Dae-ho was intimidatingly tall with a stern face, which made him the most daunting among the other guards. If one wasn't paying close attention enough, one might have misidentified him as a young placid-mannered man. He'd been older, so I was corrected. It was his reserved no-nonsense attitude and specific skillset in tracking me down that hadn't really won me.

His eyes—a bright pale green, like jade—grilled me beneath his gaze, closing after having done so; they almost looked reproachful if he didn't invariably succeed in giving off the impression that he'd seen a nuisance. "You're making this very difficult for your nursemaids, Lady Lili."

My head tipped innocently to the side. "What do you mean?"

To my defense, my nursemaids weren't always very attentive and I couldn't stand the thought of a servant breathing against my neck.

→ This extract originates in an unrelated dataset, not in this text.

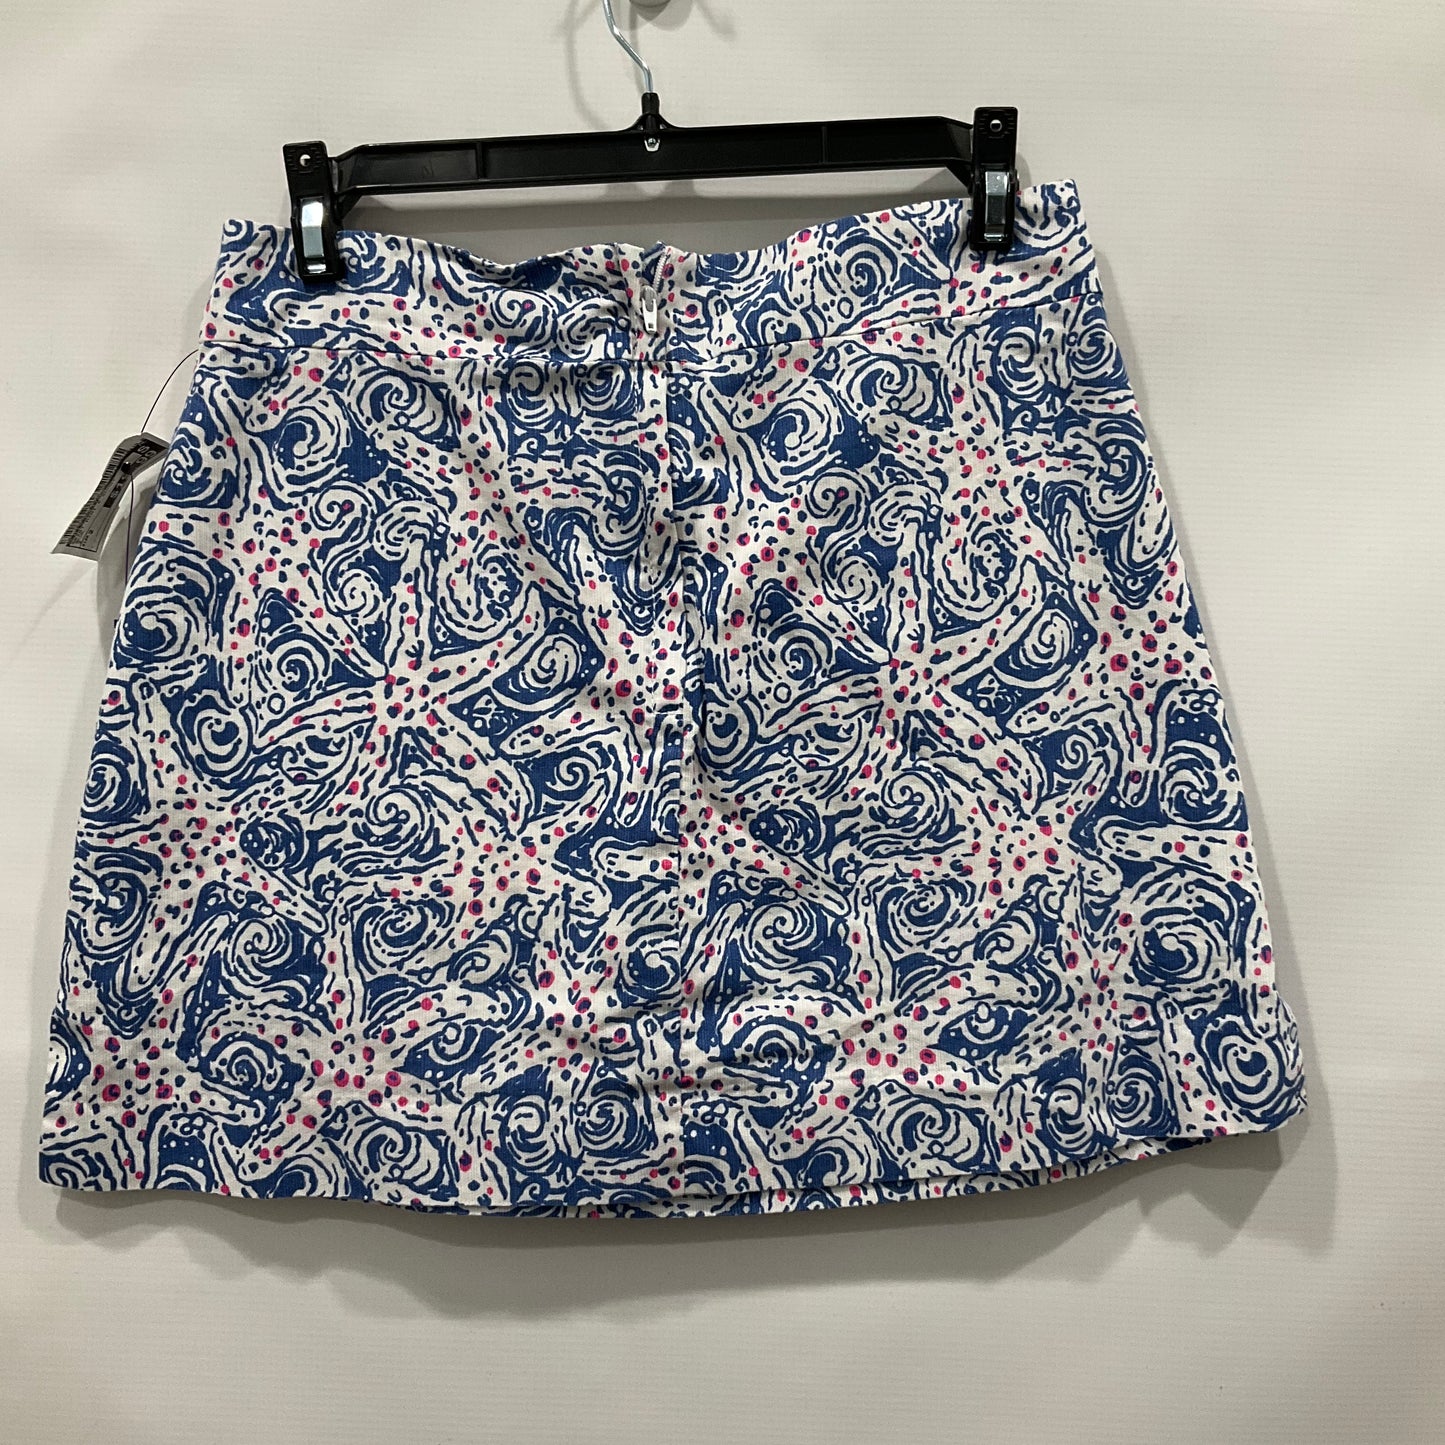 Skirt Mini & Short By Lilly Pulitzer  Size: 2

They live to please, to follow orders, and I just wanted to be alone. I even suggested they take a break once but this was followed with a few niceties that I understood as euphemisms for not a chance.

As convincing as I was, Dae-ho seemed to be the only one impervious of my round-eyed guile. I chuckled. "I have you, don't I?" I regarded him chirpily, and then glanced at the vacant space to his left. Something was missing. "Se-hun is not with you."

"He is indisposed at the moment," Dae-ho reasoned, and somberly added, "a fever since last night."

I nodded sympathetically. "Ah. I hope he gets well," the news did evoke a sliver of my concern because Se-hun was a nice man after all, friendlier than poker face Dae-ho. I peered up at him, giving an excuse for myself this time. "I wanted to visit Father but . . ."

The smile on my lips became brittle. "He's left, hasn't he?"

"Just this morning," Dae-ho confirmed, dipping his head down as if to apologize. "Lord An had been summoned to the capital."

The responsibility for the country comes first before the burden of one's own kin, Grandfather Mosu reasoned to me once in the eve of my father's departure to Kuuto. There was great pride among honorable men that willfully accept his duties and to deprive him of his obligations made me ungrateful, so I learned. An Joon-gi was a respected general and an imposing lord, and his absences weren't rare occasions within his own abode.

As dutiful An Lili, I was wise enough to never utter aloud a complaint. As his daughter, I cared enough to wait for his arrival, as long as it may be. However lacking his company now had ingrained a disappointment inside of me that I knew better to never to show.

After a polite exchange of a dismissive nod, I trod away, and Dae-ho tailed behind me, four steps away like always.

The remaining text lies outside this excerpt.